Paul Mirengoff’s tribute to the courage and the sacrifice of the Czech Olympic champion Vera Caslavska brought to mind one of my favorite passages in the works of John Updike that I have managed to read. Updike was a voluminous and accomplished writer in every literary form, though I think he was a master of the short story in particular.

Updike wrote enough stories to fill three small volumes about Henry Bech (pronounced “Beck”), his fictional alter ego. Despite the fact that it was Updike’s gift with the language for which he was usually either praised or damned, in the Bech stories Updike frequently wrote in a comic or satiric mode that displayed several other facets of his genius.

When Bech wins the Nobel Prize for Literature in the story “Bech and the Bounty of Sweden,” Updike posits the headline reporting the news in the New York Daily News: “BECH? WHODAT???” The thought was at the same time self-deprecating and self-aggrandizing. Updike was foremost among those who deserved the Nobel Prize for Literature in the past 25 years and failed to receive it.

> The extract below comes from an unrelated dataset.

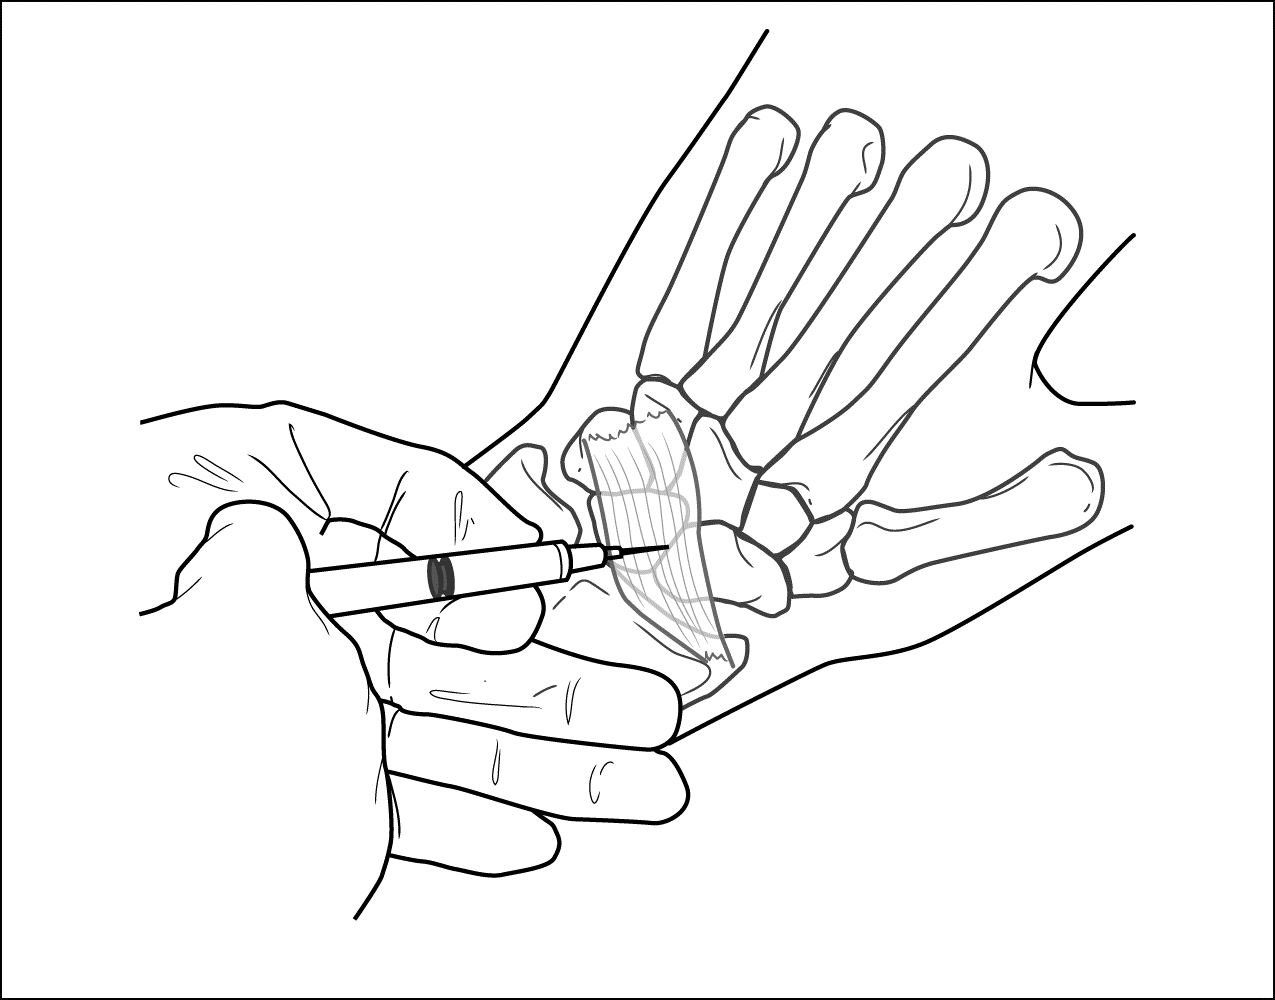 腕关节注射术步骤图片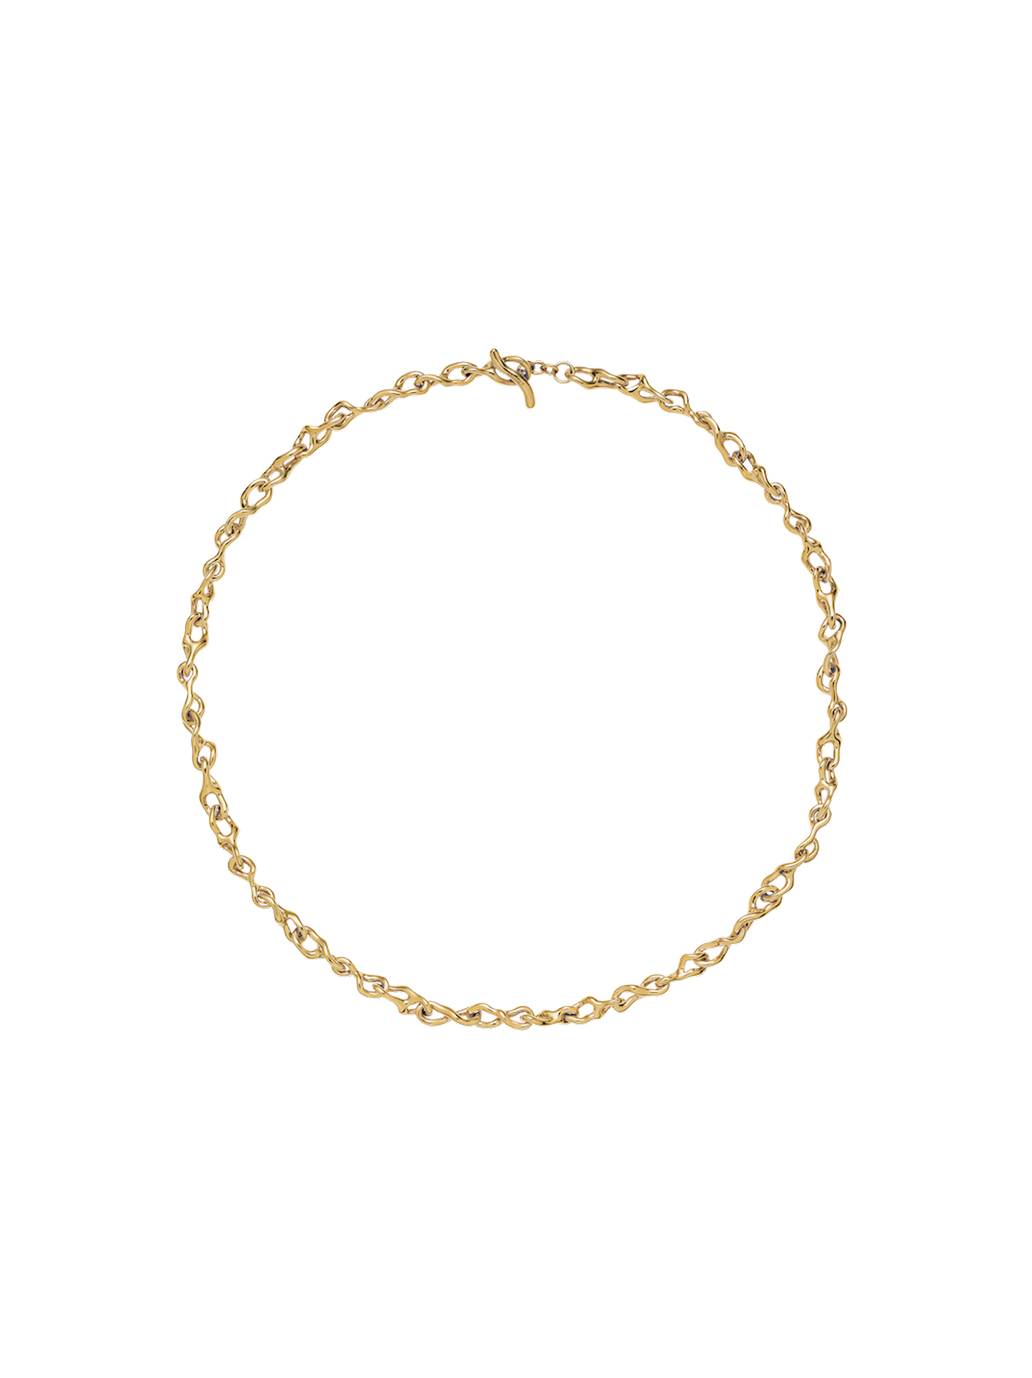 Juno necklace

In “Bech in Czech” (collected along with the two other stories mentioned above in Bech at Bay), Bech is sent to Czechoslovakia on a cultural exchange program through the United States government in 1986, while the country is still Communist. Bech attends a party of dissident writers, one of whom had been imprisoned. Bech reflects:

Jail! One of the guests at the party had spent nearly ten years in prison. He was dapper, like the cafe habitues in George Grosz drawings, with a scarred, small face and shining black eyes. He spoke so softly Bech could hardly hear him, though he bent his ear close. The man’s hands twisted under Bech’s eyes, as if in the throes of torture. Bech noticed that the fingers had in fact bent, broken. How would he, the American author asked himself, stand up to having his fingernails pulled? He could think of nothing he had ever written that he would not eagerly recant.

That paragraph, buried in the middle of the story, was the product of a deeply humane sensibility. I can’t think of another American man of letters who could have written it in the course of a story devoted to the ghosts of modern history.